- **Exercise data**:
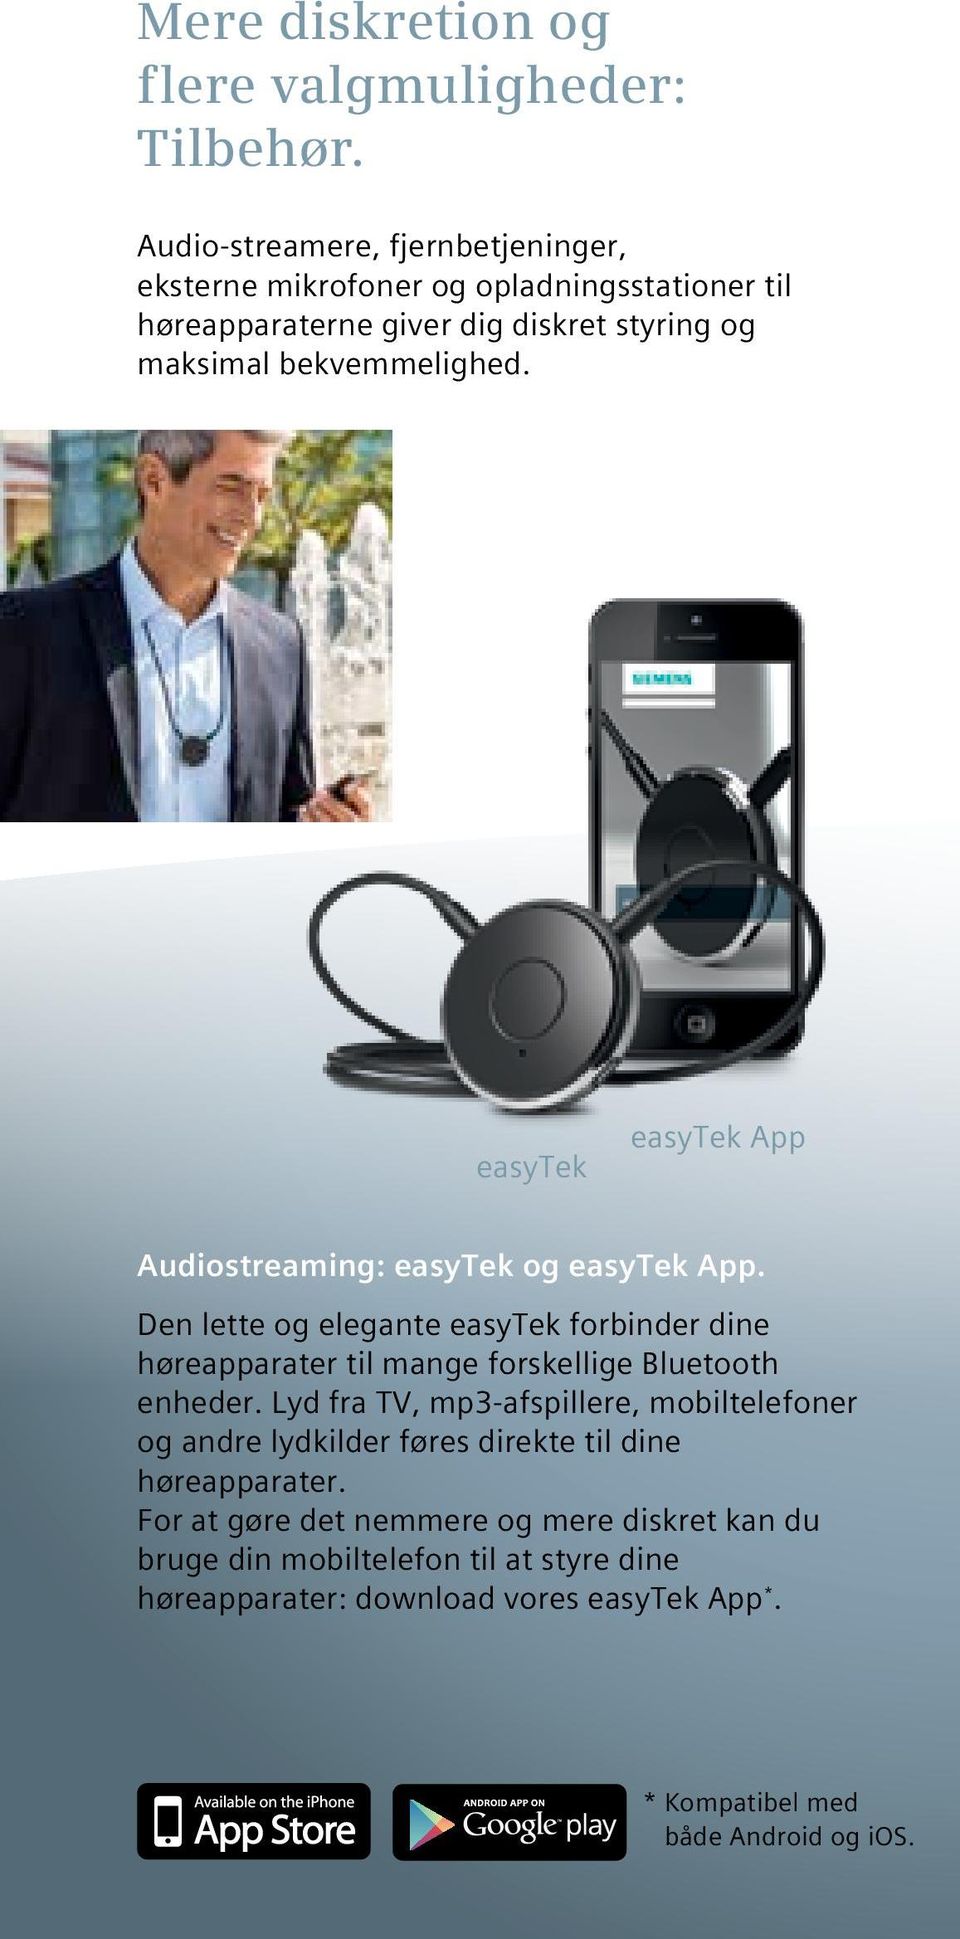 easytek easytek App Audiostreaming: easytek og easytek App. Den lette og elegante easytek forbinder dine høreapparater til mange forskellige Bluetooth enheder.
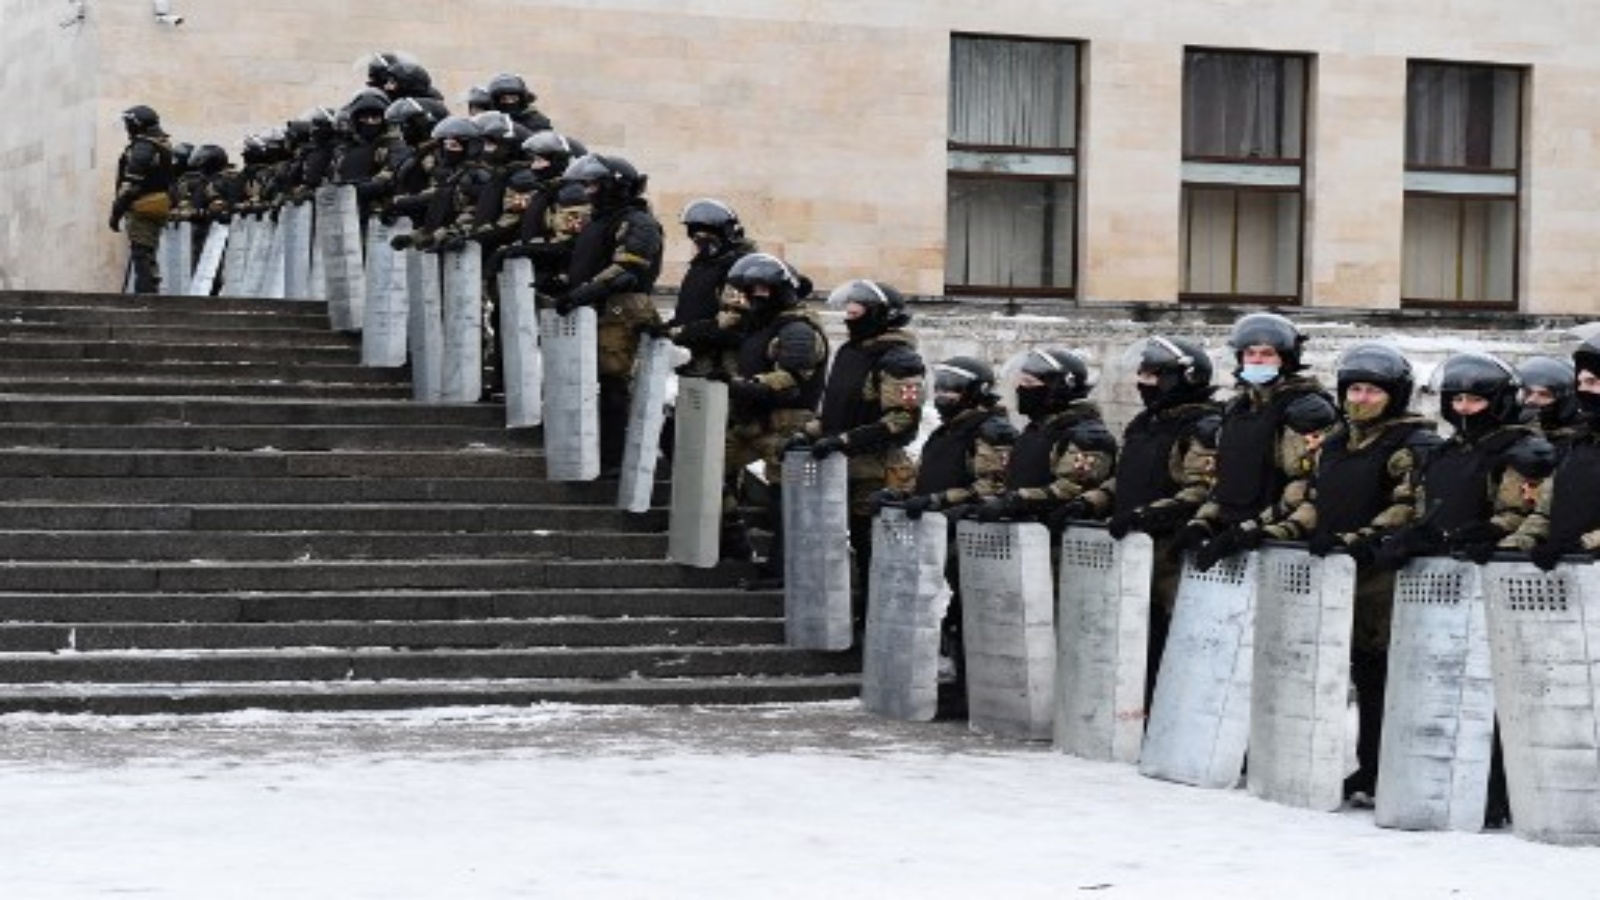 ضباط إنفاذ القانون يغلقون منطقة خلال تجمع حاشد لدعم زعيم المعارضة المسجون أليكسي نافالني في سانت بطرسبرغ في 31 يناير 2021
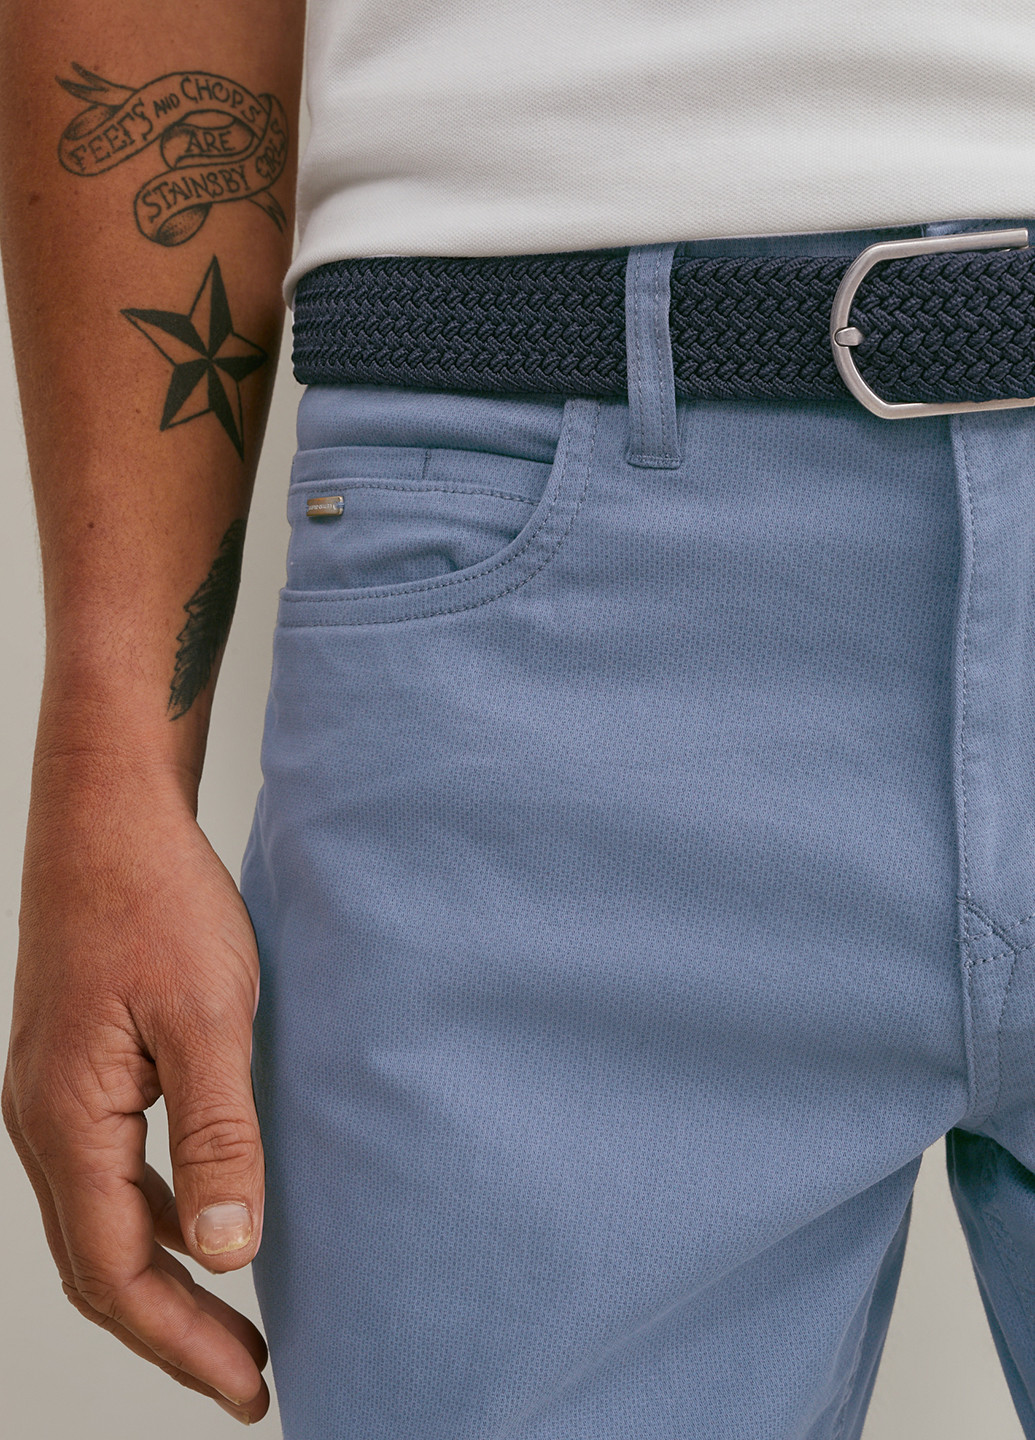 Голубые кэжуал демисезонные прямые брюки C&A

- **Required action**: Any picture in the material is to be left out, and everything else is to be retyped as is.

- **Exercise answer**:
 easytek easytek App Audiostreaming: easytek og easytek App. Den lette og elegante easytek forbinder dine høreapparater til mange forskellige Bluetooth enheder.
 ضباط إنفاذ القانون يغلقون منطقة خلال تجمع حاشد لدعم زعيم المعارضة المسجون أليكسي نافالني في سانت بطرسبرغ في 31 يناير 2021
 Голубые кэжуал демисезонные прямые брюки C&A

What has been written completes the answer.